[RECORDS TO PROCESS]
┌──
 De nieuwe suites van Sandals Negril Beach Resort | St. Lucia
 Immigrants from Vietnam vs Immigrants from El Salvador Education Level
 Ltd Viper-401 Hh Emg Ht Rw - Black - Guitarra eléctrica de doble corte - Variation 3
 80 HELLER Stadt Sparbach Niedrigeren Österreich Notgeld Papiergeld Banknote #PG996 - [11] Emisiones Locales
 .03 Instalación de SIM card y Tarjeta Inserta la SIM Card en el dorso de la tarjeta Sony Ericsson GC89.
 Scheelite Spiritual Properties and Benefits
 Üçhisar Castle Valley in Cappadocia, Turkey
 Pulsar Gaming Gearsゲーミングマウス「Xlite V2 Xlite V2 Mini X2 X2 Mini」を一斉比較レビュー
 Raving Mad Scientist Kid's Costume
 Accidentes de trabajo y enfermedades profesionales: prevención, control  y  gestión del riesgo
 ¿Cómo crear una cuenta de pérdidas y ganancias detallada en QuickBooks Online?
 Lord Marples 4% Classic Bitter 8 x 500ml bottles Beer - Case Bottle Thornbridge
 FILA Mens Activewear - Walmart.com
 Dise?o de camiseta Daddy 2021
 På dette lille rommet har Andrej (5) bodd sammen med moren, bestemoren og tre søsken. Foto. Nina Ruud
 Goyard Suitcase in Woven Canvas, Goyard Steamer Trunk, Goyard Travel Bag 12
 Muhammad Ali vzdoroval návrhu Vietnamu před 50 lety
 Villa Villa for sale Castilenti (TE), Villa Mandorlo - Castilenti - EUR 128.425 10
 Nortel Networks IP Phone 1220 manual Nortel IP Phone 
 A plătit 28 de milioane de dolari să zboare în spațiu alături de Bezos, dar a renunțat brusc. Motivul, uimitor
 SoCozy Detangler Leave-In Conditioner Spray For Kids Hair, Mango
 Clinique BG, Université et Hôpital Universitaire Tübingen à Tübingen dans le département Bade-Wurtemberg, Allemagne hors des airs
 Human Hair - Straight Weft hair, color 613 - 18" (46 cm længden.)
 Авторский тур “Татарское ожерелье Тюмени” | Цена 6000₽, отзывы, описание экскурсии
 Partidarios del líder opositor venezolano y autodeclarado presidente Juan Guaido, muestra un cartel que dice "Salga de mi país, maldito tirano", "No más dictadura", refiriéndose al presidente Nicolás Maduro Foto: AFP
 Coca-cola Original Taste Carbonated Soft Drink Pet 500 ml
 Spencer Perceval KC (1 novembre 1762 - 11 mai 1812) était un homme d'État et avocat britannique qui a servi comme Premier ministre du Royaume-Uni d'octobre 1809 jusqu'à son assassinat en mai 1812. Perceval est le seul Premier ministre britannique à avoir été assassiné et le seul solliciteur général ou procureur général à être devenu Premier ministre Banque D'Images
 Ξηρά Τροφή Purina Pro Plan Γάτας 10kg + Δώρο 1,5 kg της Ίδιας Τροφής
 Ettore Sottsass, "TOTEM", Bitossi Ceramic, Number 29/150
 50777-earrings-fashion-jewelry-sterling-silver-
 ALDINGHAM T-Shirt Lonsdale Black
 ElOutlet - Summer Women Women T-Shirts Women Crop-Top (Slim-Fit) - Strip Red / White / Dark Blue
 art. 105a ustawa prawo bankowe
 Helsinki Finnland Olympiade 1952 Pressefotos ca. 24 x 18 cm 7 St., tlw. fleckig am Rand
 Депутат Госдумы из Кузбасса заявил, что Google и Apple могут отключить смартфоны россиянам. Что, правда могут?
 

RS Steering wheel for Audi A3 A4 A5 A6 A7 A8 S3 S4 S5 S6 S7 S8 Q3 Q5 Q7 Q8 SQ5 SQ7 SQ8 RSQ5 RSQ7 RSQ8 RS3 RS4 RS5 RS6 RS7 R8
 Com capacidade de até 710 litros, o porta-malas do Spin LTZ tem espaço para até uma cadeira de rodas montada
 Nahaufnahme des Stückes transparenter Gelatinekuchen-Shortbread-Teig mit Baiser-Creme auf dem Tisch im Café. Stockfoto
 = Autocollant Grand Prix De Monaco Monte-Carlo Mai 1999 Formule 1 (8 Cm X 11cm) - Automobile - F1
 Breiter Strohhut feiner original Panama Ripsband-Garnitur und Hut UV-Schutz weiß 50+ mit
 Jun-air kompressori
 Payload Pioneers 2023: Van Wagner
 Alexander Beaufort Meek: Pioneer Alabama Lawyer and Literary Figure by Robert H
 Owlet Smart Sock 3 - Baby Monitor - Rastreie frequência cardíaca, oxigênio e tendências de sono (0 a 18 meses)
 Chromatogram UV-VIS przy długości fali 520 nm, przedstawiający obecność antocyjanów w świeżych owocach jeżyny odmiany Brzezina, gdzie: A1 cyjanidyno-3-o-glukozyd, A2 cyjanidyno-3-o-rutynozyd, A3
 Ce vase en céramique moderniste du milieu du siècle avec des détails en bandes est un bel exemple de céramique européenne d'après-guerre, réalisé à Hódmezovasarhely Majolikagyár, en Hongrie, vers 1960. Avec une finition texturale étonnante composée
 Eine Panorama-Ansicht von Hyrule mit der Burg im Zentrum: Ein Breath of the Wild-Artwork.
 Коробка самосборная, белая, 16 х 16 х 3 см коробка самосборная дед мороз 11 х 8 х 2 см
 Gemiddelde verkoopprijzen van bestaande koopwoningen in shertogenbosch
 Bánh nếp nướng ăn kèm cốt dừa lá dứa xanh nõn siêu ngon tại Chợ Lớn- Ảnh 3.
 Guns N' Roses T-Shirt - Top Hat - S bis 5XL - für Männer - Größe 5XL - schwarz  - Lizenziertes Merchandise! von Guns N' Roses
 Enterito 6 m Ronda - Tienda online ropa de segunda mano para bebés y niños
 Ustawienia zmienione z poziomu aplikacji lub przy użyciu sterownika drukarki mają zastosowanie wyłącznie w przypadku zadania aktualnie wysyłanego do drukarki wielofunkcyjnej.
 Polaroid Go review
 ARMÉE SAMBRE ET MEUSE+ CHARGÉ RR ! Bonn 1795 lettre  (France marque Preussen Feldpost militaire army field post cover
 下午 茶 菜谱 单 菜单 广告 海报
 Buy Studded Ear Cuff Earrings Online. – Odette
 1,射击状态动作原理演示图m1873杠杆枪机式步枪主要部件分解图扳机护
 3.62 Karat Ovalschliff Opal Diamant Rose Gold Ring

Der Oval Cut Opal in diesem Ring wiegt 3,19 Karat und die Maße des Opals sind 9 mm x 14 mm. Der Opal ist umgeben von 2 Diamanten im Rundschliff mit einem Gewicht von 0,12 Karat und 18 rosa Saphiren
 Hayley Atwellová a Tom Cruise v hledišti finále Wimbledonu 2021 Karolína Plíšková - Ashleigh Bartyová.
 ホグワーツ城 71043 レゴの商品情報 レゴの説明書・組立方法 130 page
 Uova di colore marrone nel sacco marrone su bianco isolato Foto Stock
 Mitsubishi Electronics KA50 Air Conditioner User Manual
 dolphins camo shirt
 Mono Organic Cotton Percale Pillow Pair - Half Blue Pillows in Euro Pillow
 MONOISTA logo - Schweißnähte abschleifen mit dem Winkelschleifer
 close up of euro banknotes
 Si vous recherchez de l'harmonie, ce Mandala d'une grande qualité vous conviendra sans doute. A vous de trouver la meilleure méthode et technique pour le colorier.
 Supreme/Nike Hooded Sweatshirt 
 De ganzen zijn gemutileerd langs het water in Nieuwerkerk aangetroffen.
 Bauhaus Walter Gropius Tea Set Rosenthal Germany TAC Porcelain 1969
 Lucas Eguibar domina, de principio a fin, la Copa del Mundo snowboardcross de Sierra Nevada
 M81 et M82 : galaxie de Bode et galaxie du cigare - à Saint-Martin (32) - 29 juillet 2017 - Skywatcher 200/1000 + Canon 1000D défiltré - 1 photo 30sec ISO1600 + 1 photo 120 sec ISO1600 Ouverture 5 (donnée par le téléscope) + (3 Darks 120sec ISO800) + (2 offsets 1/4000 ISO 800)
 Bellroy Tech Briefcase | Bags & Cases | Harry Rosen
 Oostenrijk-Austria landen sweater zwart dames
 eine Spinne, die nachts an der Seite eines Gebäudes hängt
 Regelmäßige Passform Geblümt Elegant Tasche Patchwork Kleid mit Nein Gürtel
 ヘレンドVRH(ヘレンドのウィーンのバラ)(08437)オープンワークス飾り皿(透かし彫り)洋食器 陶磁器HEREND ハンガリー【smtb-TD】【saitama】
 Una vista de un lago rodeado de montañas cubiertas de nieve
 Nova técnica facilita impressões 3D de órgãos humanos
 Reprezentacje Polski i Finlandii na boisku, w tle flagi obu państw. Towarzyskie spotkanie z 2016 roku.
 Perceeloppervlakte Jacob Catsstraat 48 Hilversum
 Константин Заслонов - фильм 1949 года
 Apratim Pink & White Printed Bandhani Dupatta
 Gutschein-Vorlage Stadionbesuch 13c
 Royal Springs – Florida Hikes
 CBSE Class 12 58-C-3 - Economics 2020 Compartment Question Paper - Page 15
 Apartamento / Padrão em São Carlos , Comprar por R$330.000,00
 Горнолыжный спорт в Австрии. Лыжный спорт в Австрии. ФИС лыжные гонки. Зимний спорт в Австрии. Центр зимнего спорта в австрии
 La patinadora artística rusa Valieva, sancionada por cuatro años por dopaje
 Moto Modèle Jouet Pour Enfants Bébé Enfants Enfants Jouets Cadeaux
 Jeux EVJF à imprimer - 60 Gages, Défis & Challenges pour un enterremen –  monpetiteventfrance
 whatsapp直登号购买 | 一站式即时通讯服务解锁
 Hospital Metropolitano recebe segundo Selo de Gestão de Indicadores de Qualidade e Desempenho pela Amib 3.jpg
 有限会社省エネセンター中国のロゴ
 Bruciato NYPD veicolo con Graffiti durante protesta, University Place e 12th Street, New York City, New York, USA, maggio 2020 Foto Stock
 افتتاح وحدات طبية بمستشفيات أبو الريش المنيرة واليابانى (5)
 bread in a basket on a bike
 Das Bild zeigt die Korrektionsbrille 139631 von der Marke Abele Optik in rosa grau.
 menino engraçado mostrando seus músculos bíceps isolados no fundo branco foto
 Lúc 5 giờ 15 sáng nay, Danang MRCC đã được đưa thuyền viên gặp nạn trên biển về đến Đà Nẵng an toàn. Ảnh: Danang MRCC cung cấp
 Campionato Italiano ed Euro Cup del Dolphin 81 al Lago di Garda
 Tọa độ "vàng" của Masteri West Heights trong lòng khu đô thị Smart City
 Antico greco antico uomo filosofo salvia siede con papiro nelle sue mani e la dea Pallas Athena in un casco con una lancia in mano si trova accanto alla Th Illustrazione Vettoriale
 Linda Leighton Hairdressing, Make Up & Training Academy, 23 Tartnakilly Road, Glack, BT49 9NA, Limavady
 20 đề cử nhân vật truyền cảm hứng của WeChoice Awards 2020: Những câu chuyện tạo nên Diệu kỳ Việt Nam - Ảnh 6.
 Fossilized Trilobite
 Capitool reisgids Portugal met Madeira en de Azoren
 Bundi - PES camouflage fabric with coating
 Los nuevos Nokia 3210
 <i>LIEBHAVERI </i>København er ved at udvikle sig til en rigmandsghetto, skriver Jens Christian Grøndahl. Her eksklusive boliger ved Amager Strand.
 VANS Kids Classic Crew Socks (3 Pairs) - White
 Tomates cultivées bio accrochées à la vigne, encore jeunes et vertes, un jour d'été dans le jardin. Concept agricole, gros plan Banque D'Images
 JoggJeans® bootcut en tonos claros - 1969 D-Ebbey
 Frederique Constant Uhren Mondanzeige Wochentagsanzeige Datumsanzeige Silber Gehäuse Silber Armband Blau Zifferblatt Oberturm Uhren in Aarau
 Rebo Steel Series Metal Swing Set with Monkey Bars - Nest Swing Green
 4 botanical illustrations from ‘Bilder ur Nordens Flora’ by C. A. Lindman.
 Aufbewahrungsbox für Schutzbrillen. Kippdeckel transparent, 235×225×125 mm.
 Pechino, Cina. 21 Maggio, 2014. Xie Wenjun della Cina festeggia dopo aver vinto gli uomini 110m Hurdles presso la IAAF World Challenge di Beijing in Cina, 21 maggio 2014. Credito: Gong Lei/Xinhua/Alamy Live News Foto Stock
└──
[WHAT IS NEEDED]
All that is required is the number of lines in the data above that contain the word "Karat".

[FINAL ANSWER]
2